Криворотов смахивает залоснившимся рукавом шинели слюну, готовой вот- вот сорваться вниз через отвислую, как вишня, губу. «Черт ее побрал», – всякий раз, смахивая ее, ругается он, и гримаса пробегает по его лицу, еще более его обезображивая. Он долго кашляет, потом с отвращением сплевывает себе под ноги.» Должно за это и Губошлепом прозвали», – при этом думает он. Что до себя, то он свыкся с тем, как обозвал его нонешний Старшой. Но в душе он против, чтобы людям, как собакам, давали унизительные клички. Уже за одно это ему не нравится этот Старшой.

Из отдушины в полу, приспособленной под отхожее место, тянуло запахом гнилья и холодной сыростью осеннего утра. Не по-летнему слабый пучок света, пробивавшегося сквозь решетку окошка под потолком вагона, теперь уже не опускался до пола, а блуждал где-то по середине стенки вагона. Свет с трудом прорезал мглу смрада, оставляя слабый дрожащий от идущих испарений след, наполняя вагон и освещая его обитателей слабым лунным все омертвляющим светом.

Дауров не испытывал ни голода, ни даже жажды. Но одолевала слабость.

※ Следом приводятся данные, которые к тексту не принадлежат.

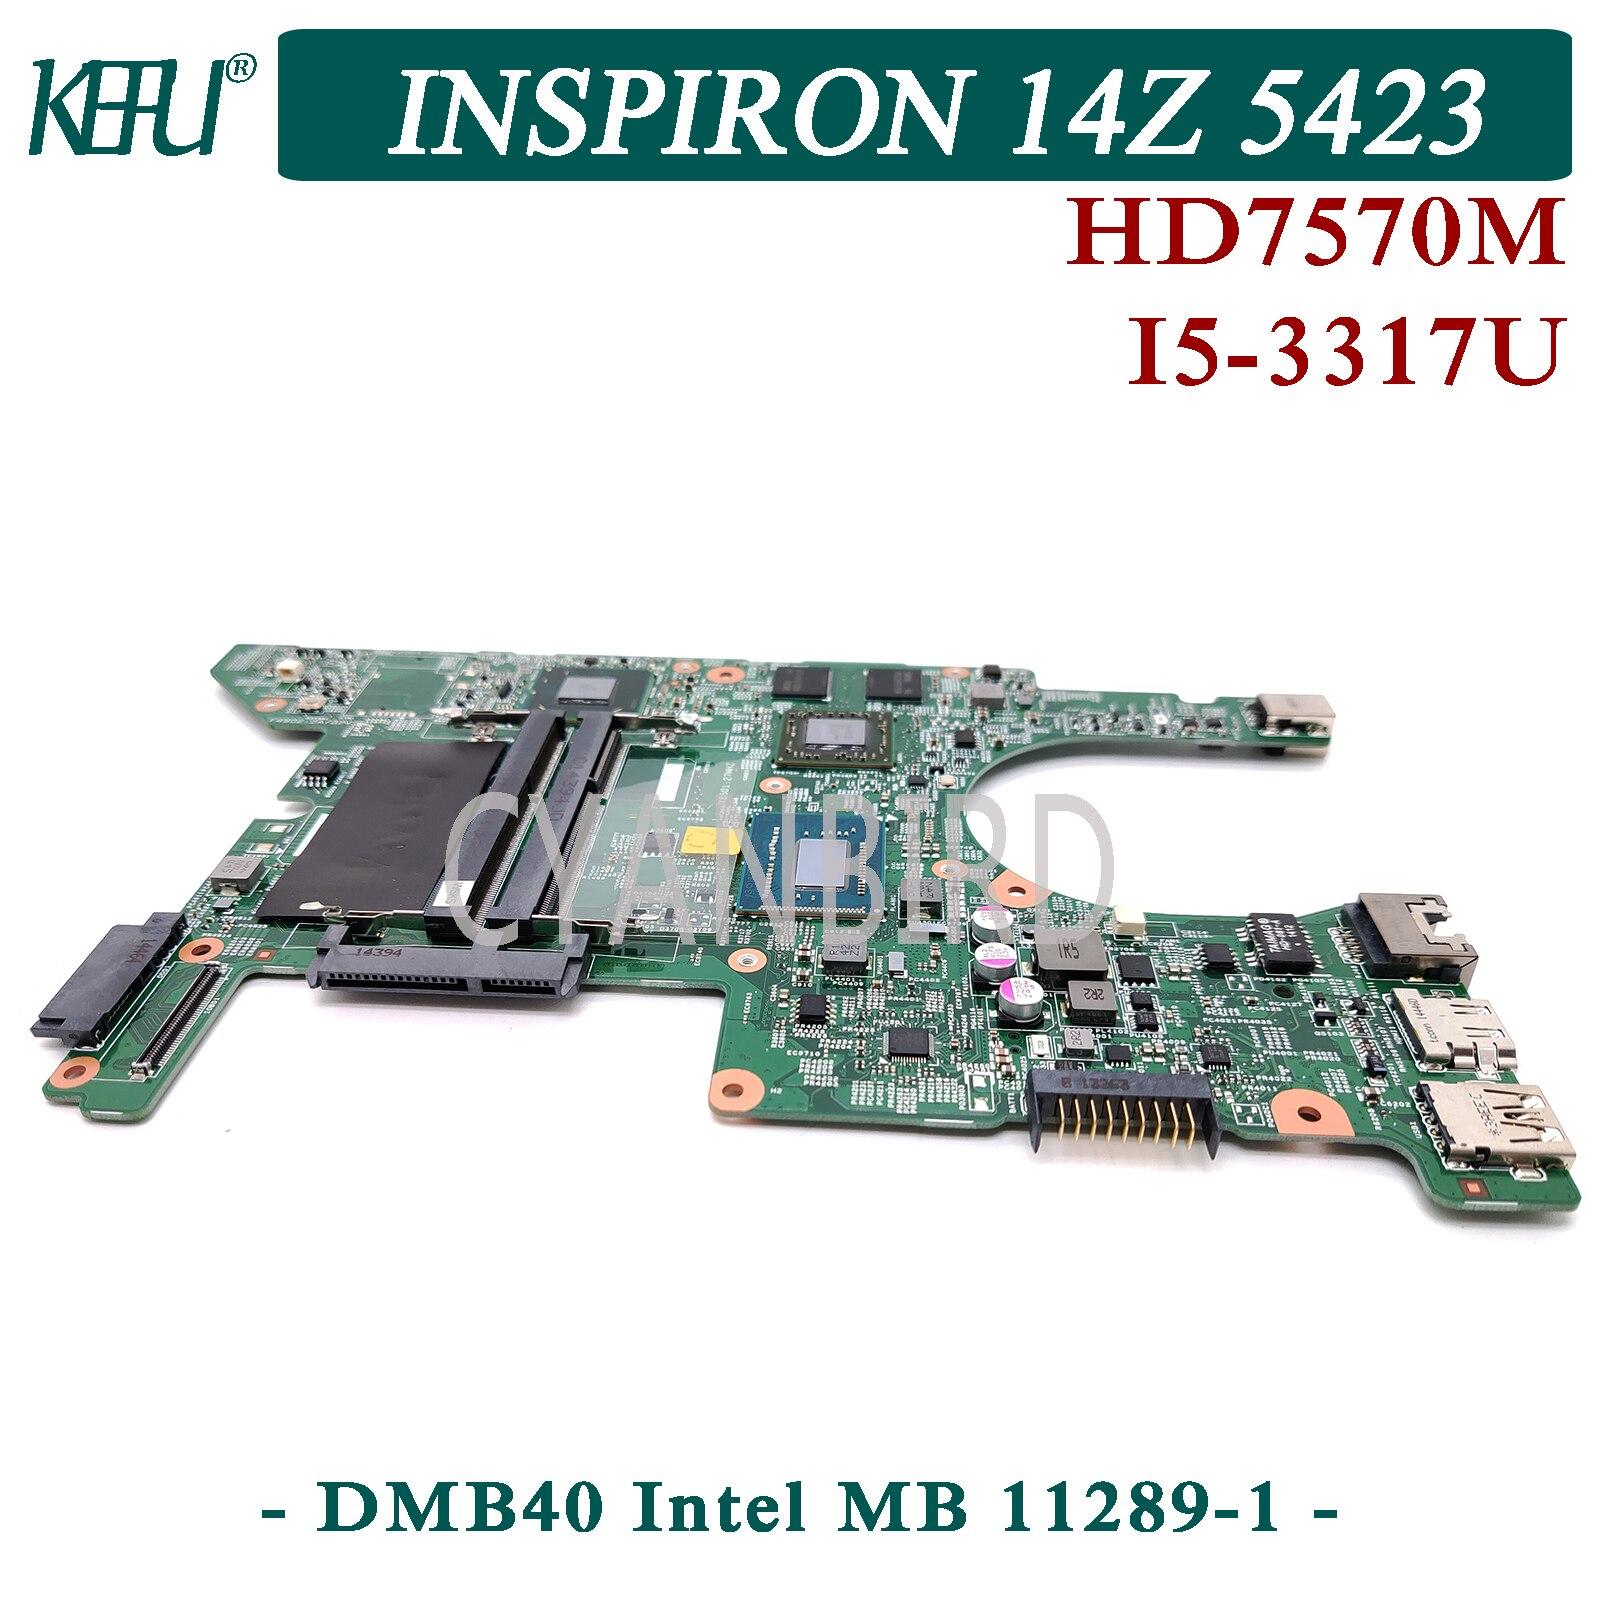 KEFU DMB40 إنتل MB 11289-1 اللوحة الرئيسية الأصلية لديل انسبايرون 14z 5423 مع I5-3337U/3317U HD7570M اللوحة الأم للكمبيوتر المحمول

Не с первого раза, но он все же поднялся. Попробовал двинуться по узкому проходу к выходу. Каждый шаг давался усилием рассудка, кружилась голова. От напряжения тело било ознобом, как в параличе. После нескольких шагов понял, что больше не сможет устоять на скользком полу, – и тогда он пополз на четвереньках. И все же жизнь из него не ушла, она двигала его вперед, требуя движения. Но голос охранника остановил его:

 

– Постой! – крикнул Криворотов, сообразив, что на него надо было надеть кожаные кандалы, как и положено при выходе смертника из вагона.

Через открытую дверь он спросил об этом Старшого. Хотя ответа сразу не последовало, но охранник знал, что Старшой всегда при таких случаях бывает невдалеке. Он выждал минуту – другую.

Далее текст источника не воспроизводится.